Enrique Bostelmann (March 1939 – December 3, 2003) was a Mexican photographer known for his artistic work related to social problems as well as the use of objects and concepts from other artistic disciplines such as sculpture in his work. He did commercial work such as publicity, documentary and photographic reproductions of artwork. However, it was his personal projects in which he experimented with subjects, styles and techniques, which were exhibited in Mexico, other parts of Latin America, the U.S. and Europe from the start of his career in the 1960s until his death in 2003. His artistic work is basically of two types: the first exploring social issues and the second conceptualist, using common objects and concepts from other creative disciplines to create photographic images. Although he won no major awards for his work, he was selected as a judge for a number of competition and was inducted as a member of the Salón de la Plástica Mexicana.

==Life==
Enrique Bostelmann was born in Guadalajara in March 1939. He was tall, husky, blonde and very fair skinned because of his German heritage, which gave him the nickname of “El Sol” (The Sun). He suffered from nystagmus, a constant involuntary movement of the eyes, but it did not interfere with his photographic ability. His widow described him as “consistent, very honest, very formal, hard-working, a fighter and dry, demanding honesty, uprightness.
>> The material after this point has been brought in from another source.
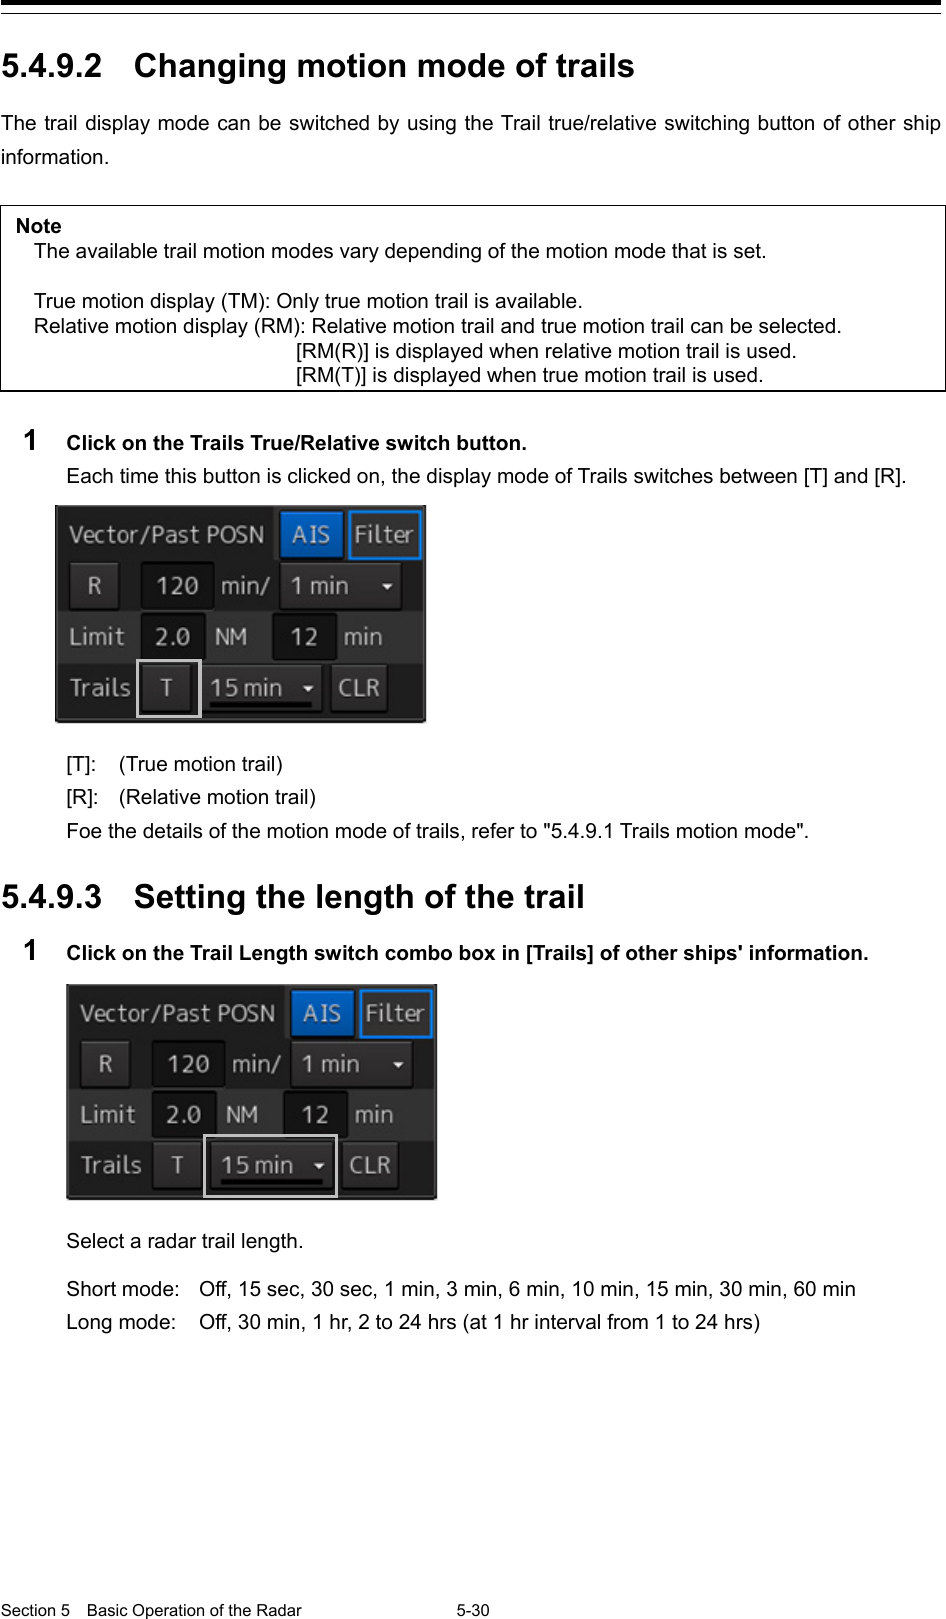  Section 5  Basic Operation of the Radar 5-30  5.4.9.2  Changing motion mode of trails The trail display mode can be switched by using the Trail true/relative switching button of other ship information.  Note The available trail motion modes vary depending of the motion mode that is set.  True motion display (TM): Only true motion trail is available. Relative motion display (RM): Relative motion trail and true motion trail can be selected.  [RM(R)] is displayed when relative motion trail is used.  [RM(T)] is displayed when true motion trail is used.  1  Click on the Trails True/Relative switch button. Each time this button is clicked on, the display mode of Trails switches between [T] and [R].    [T]:  (True motion trail) [R]:  (Relative motion trail) Foe the details of the motion mode of trails, refer to &quot;5.4.9.1 Trails motion mode&quot;.  5.4.9.3  Setting the length of the trail 1  Click on the Trail Length switch combo box in [Trails] of other ships&apos; information.    Select a radar trail length.  Short mode:   Off, 15 sec, 30 sec, 1 min, 3 min, 6 min, 10 min, 15 min, 30 min, 60 min   Long mode:   Off, 30 min, 1 hr, 2 to 24 hrs (at 1 hr interval from 1 to 24 hrs)

In 1957 he received a scholarship to study photography for three years at the Bayerische Staatslehranstalt fur Photographie in Munich, beginning his career soon afterwards. This career consisted of publicity, documentary and personal, artistic work. Much the last is related to extensive travels in Mexico, Latin America and Europe in which he photographed scenes and objects.

He married Yeyete Bostelmann with whom he had two children Saskia and Alexis. He died on December 3, 2003, at age 64, of heart stoppage while on his way to a routine photography appointment in the Polanco neighborhood of Mexico City.

==Career==
Bostelmann began his photography career in 1961, which spanned over four decades until his death. He did publicity, documentary and artistic work, not making a strict distinction between publicity and documental, taking photos of industry, businesses, rural scenes, fashion, food and social scenes. He was also noted as a specialist in the photographic reproduction of art.

His artistic work was mostly for his own personal satisfaction, without the intention of sale. However, this work was exhibited in over fifty individual and collective exhibitions.

His first individual exhibition was at the Exposición Club Fotográfico de México in 1961 and his last called Estática Fugaz del tiempo in 2007 at the Gallery of the Mexico City International Airport. In between individual exhibitions where staged in various parts of Mexico as well as North America, Europe and South America. Important shows include Due Mondi in Rome (1969), Paisaje del Hombre at the Museo de Arte Moderno (1973), La Piel de Aguas in Mexico, Venezuela, Ecuador, Peru and Panama (1974-1975), Exposición Integración Visual in various cities in Venezuela (1977), Exposición Comunicación Visual at UAM-Xochimilco (1976), Muestras Fotograficas at the World Trade Center New York (1977), Suicidio y Muerte Natural at the Colegio de México (1979), Fotomorfosis in Mexico City, Brasília, Buenos Aires, Caracas, Maricabo and Bogotá (1977-1979), Estructura y Biografía de un Objeto in Mexico City (1978-1979), Quince Murales, Knoxville (1982), Juan de la Mancha in Mexico City (1986), La Vida Todos los días in Mexico City (1987), Espacios Habitados at the Polyforum Cultural Siqueiros (1994), a retrospective shown in various countries in Europe in Berlin, Bonn, Budapest, Prague and Łódź, Poland (1993-1994), Los Entusiamos de la Belleza at the Centro Cultural Tijuano (1996), a retrospective at the Art Institutes of Dallas, Fort Lauderdale and Houston (1997), Secuencias y Consecuencias in various parts of Mexico (1997- 1998), Memoria del Tiempo in Querétaro (1999), Memories of History in Washington, New York and Montreal (2004-2006) and Tiempo Recurperado and Estática Fugaz del Tiempo in various parts of Mexico (2001-2007) . He participated in about forty collective exhibitions from 1958 to 2002 both in Mexico and abroad. After his death, there have been several exhibitions of his work including Enrique Bostelmann: Imagen, espacio inagotable at the Museo de Arte Moderno in 2013.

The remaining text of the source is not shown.